Normally use in Computer Vision, Generally, the input shape of BN is $\text{Batch}(B)\times \text{Channel}(C) \times \text{Height}(H)\times\text{Width}(W)$.

$$ \mu_{b,c}=\frac{1}{H\cdot W}\sum_{j=1}^H\sum_{k=1}^Wx_{b,c,j,k} $$$$ \sigma_{b,c}^2=\frac{1}{H\cdot W} \sum_{j=1}^H\sum_{k=1}^W(x_{b,c,j,k}-\mu_{b,c})^2 $$$$ \hat{x}_{b,l} = \frac{x_{b,l}-\mu_{b,l}}{\sqrt{\sigma^{2}_{b,l}+\varepsilon}} $$$$ y_{b,} = \gamma_{d}\,\hat{x}_{b,l} + \beta_{d} $$

What different Between Layer Normalization and Instance Normalization?

Also they look like both deal with the last channel, but actually LayerNorm (LN) normalizes the entire feature vector / channel set of a single sample together; InstanceNorm (IN) normalizes each channel’s spatial dimensions of the same sample separately (without mixing channels).

Group Normalization (GN) Link to heading

The Group Normalization widely used in CV when batch-size is lower. This method Divide channels into G groups, normalize each group.

$$ \mu_{bg}=\frac{1}{(C/G)\cdot H\cdot W}\sum_{i=g(C/G)}^{(g+1)(C/G)} \sum_{j=1}^H\sum_{k=1}^Wx_{b,i,j,k} $$$$ \sigma_{bg}^2=\frac{1}{(C/G)\cdot H\cdot W}\sum_{i=g(C/G)}^{(g+1)(C/G)} \sum_{j=1}^H\sum_{k=1}^W(x_{b,i,j,k}-\mu_{bg})^2 $$$$ \hat{x}_{bg} = \frac{x_{bg} - \mu_{bg}}{\sqrt{\sigma^2_{bg} + \epsilon}} $$$$ \ y_{bg} = \gamma_{bg} \hat{x}_{bg} + \beta_{bg} $$

Flexible continuum between LN (G=1) and IN (G=C);

Weight Normalization (WN) Link to heading

Re-parameterizes weights as:

$$ \mathbf{x}=\frac{g}{||\mathbf{v}|| }\cdot\mathbf{v} $$

$g$ is a learnable scalar.
$\mathbf{v}$ is a direction vector

Advantage:

More convenient for gradient update
Adapt with Dropout, BN, etc.

Spectral Normalization (SN) Link to heading

Spectral Normalization is a technique that normalizes the weights of a neural network layer by dividing them by their spectral norm (i.e., the largest singular value of the weight matrix).

$$ ||\mathbf{W}||_2=\sigma_{\text{MAX}}(\mathbf{W})\\\hat{\mathbf{W}}=\frac{\mathbf{W}}{||\mathbf{W}||_2} $$

RMS Normalization Link to heading

Variant of LayerNorm that uses RMS (root mean square) instead of mean & variance, removing the mean normalization step.

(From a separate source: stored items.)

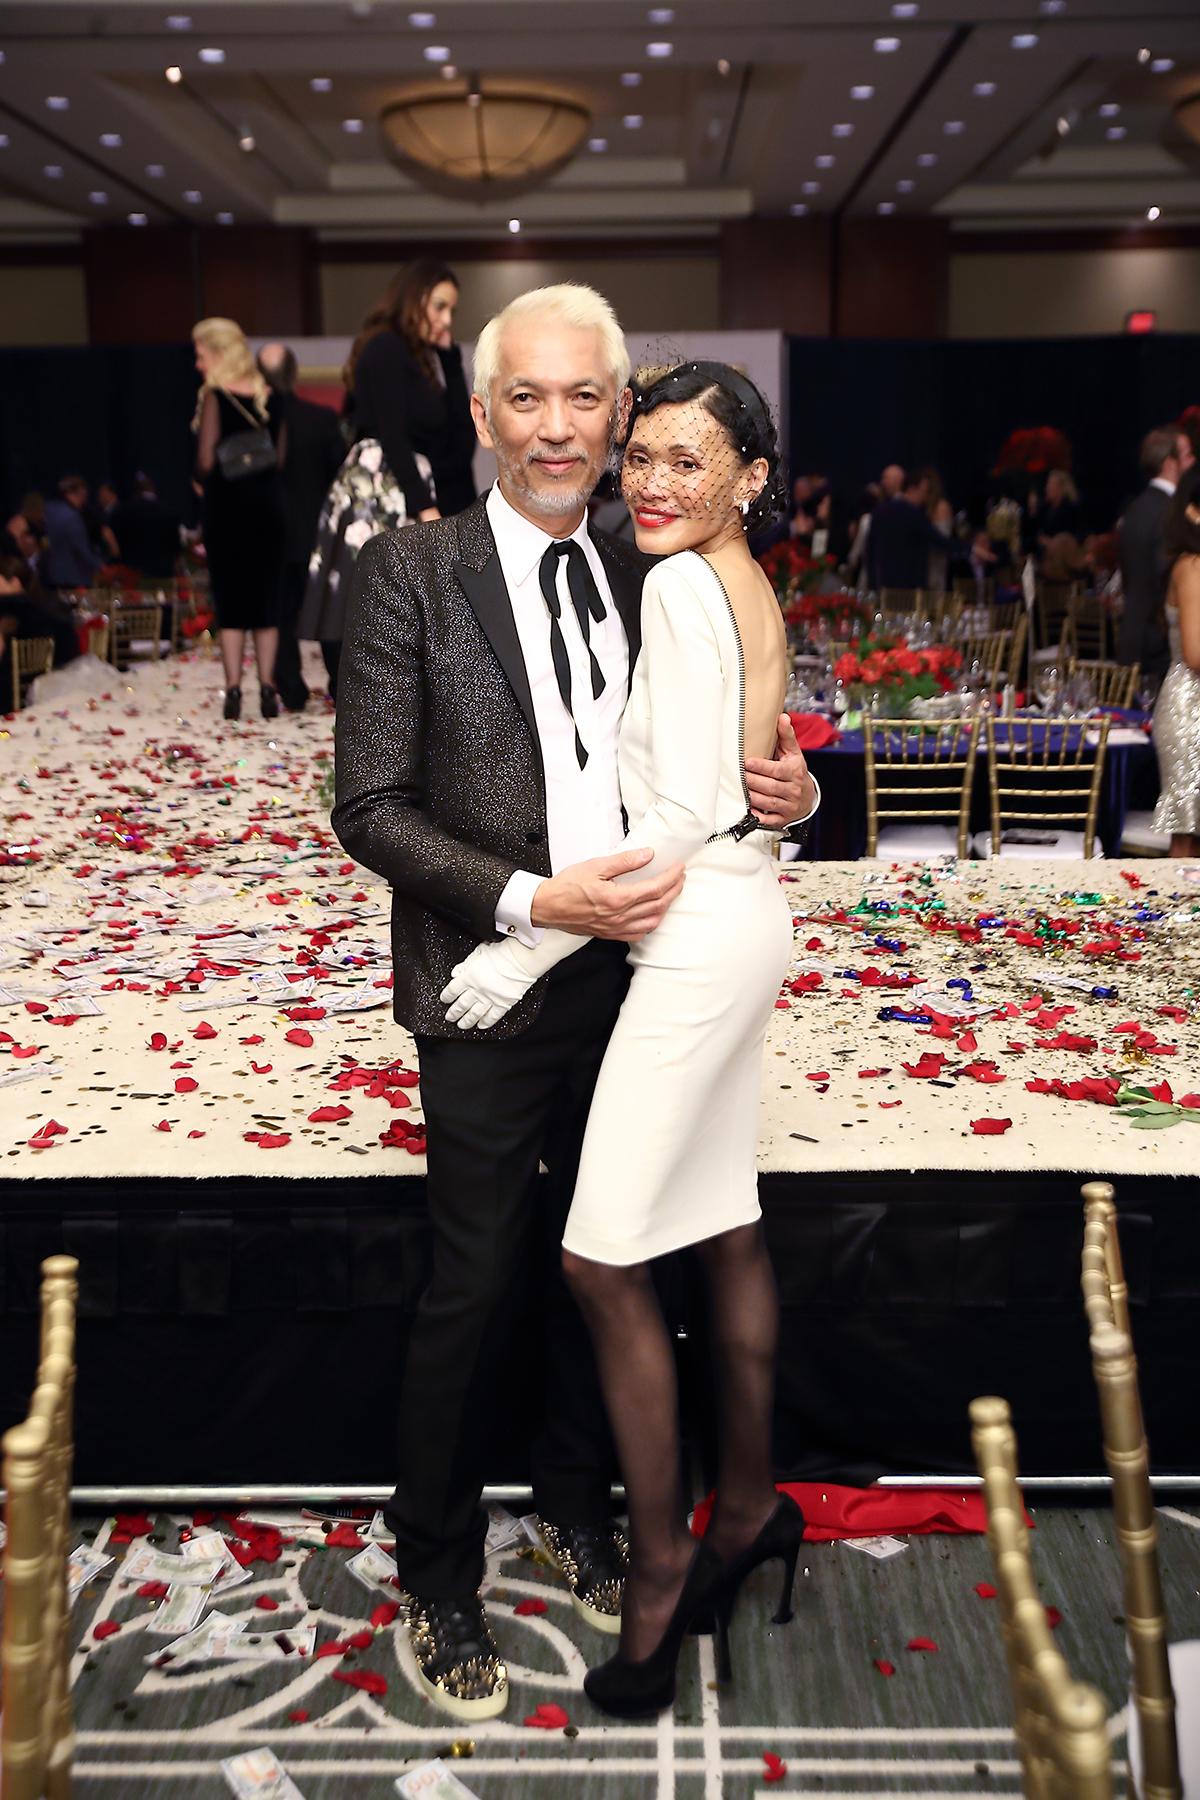 Drs. Marc and Duyen Nguyen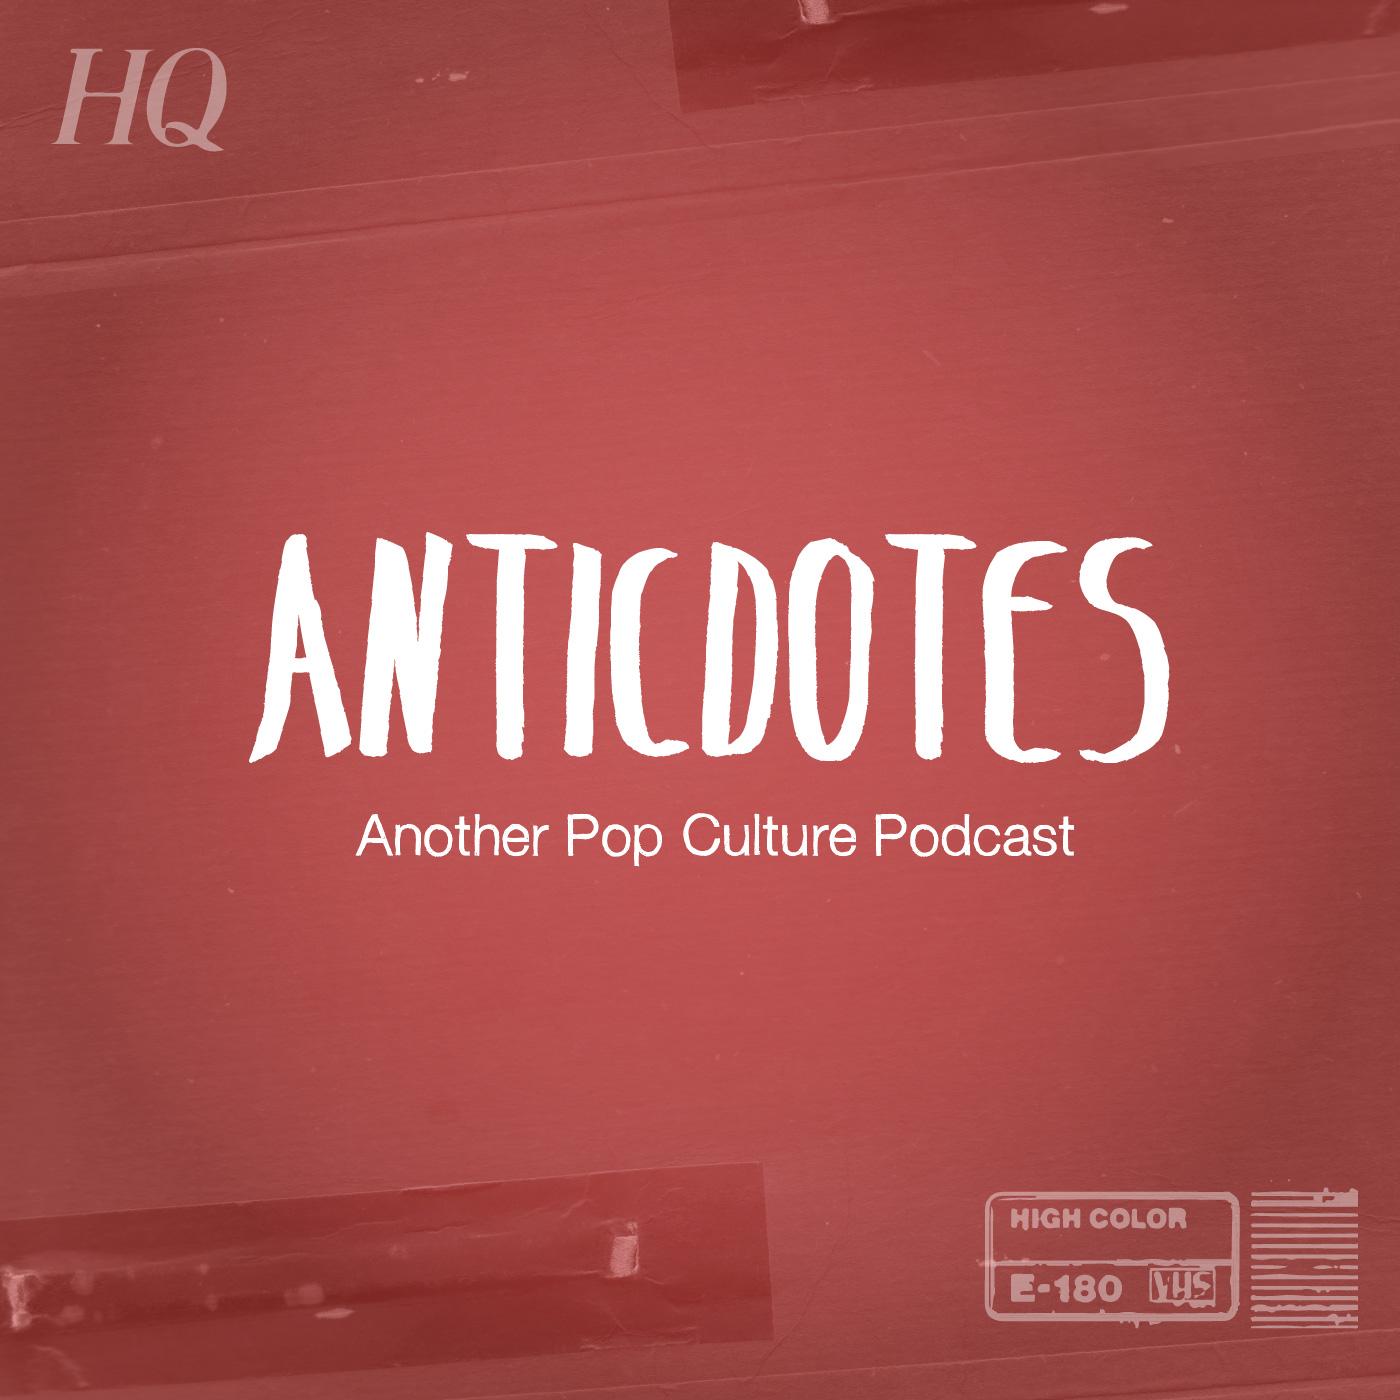 Anticdotes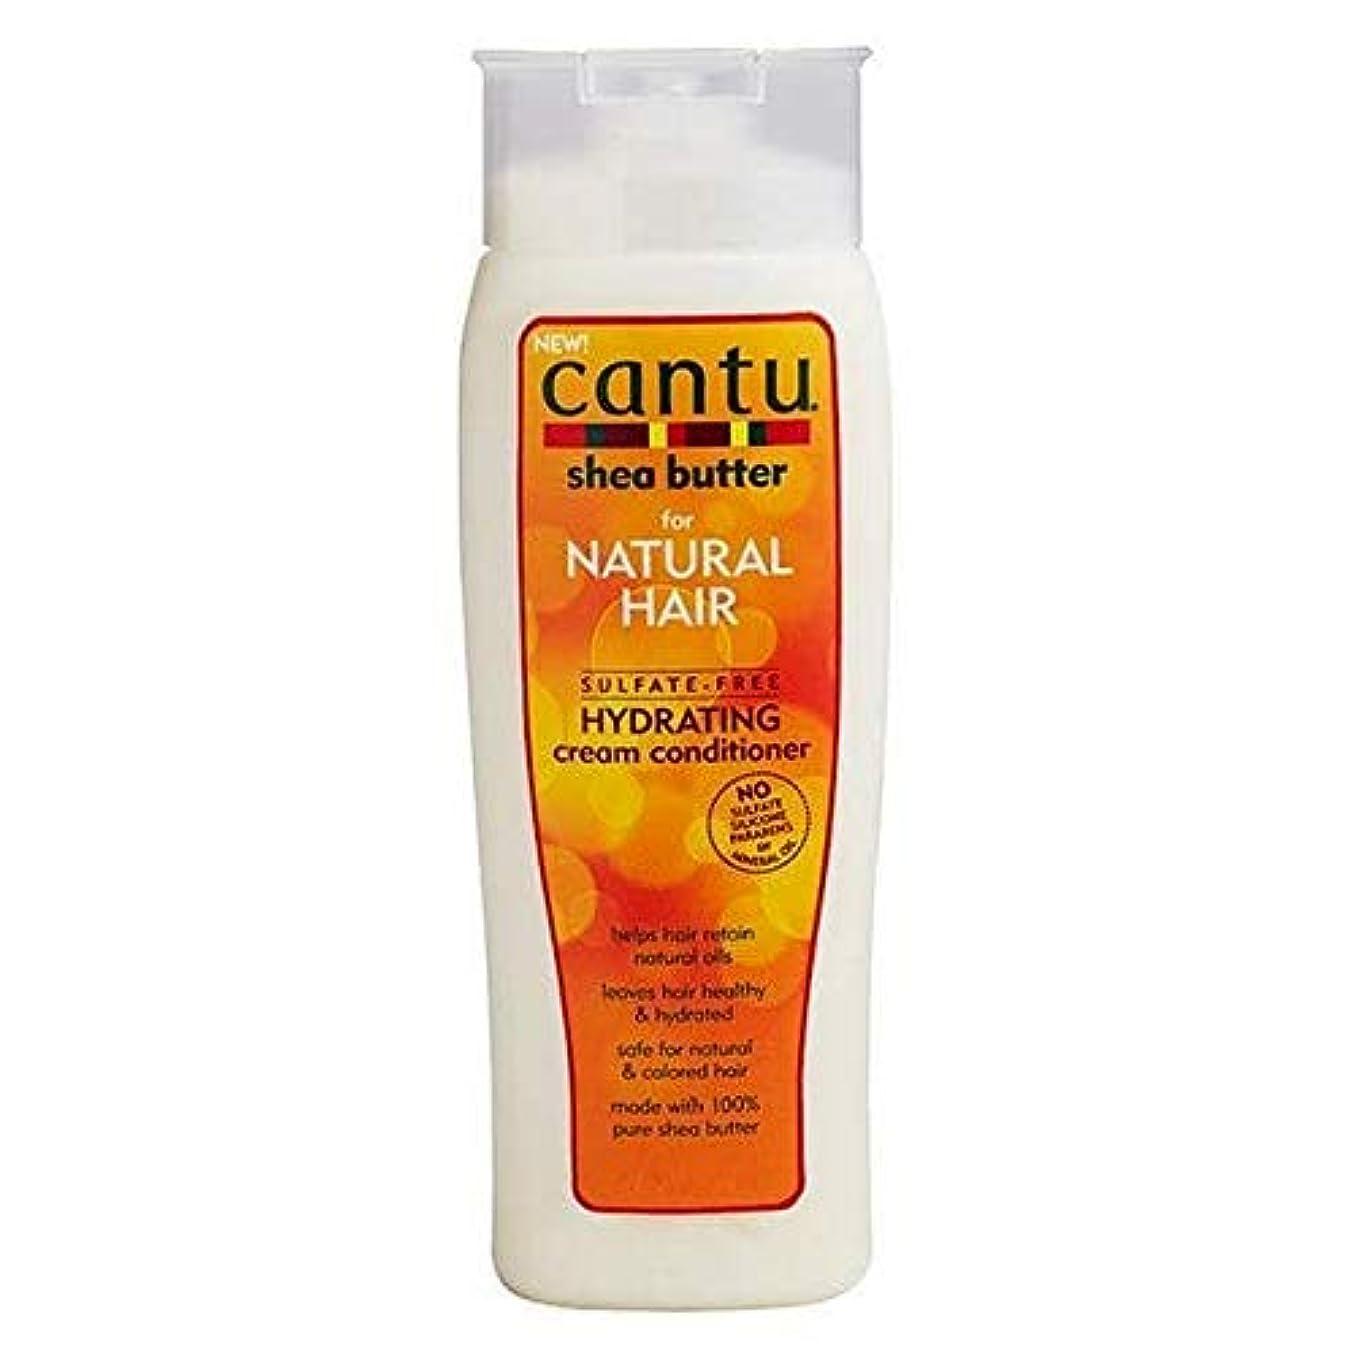 結果キャスト剥離[Cantu ] カントゥ硫酸フリーの水和クリームコンディショナー400ミリリットル - Cantu Sulfate-Free Hydrating Cream Conditioner 400ml [並行輸入品]

$$ \text{RMS}(x)=\sqrt{\frac{1}{d}\sum_{i=1}^{d}x_i^2+\epsilon} $$$$ \text{RMSNorm(x)}=\frac{x}{\text{RMS}(x)}\cdot \gamma $$

📝 Summary Link to heading

This post is a quick field guide to seven of the most widely used normalization methods in deep learning—BatchNorm, LayerNorm, InstanceNorm, GroupNorm, WeightNorm, Spectral Norm, and RMS Norm. For each, it explains what is being normalized, how it’s computed (with key formulas), where it first appeared, and the typical scenarios in which it shines or struggles. By contrasting their underlying statistics (batch-level vs. sample-level, feature-wise vs. weight-wise) and listing practical pros / cons, the blog equips researchers and practitioners to choose the right normalizer for everything from tiny-batch CNNs to giant Transformer stacks, GANs, and reinforcement-learning agents.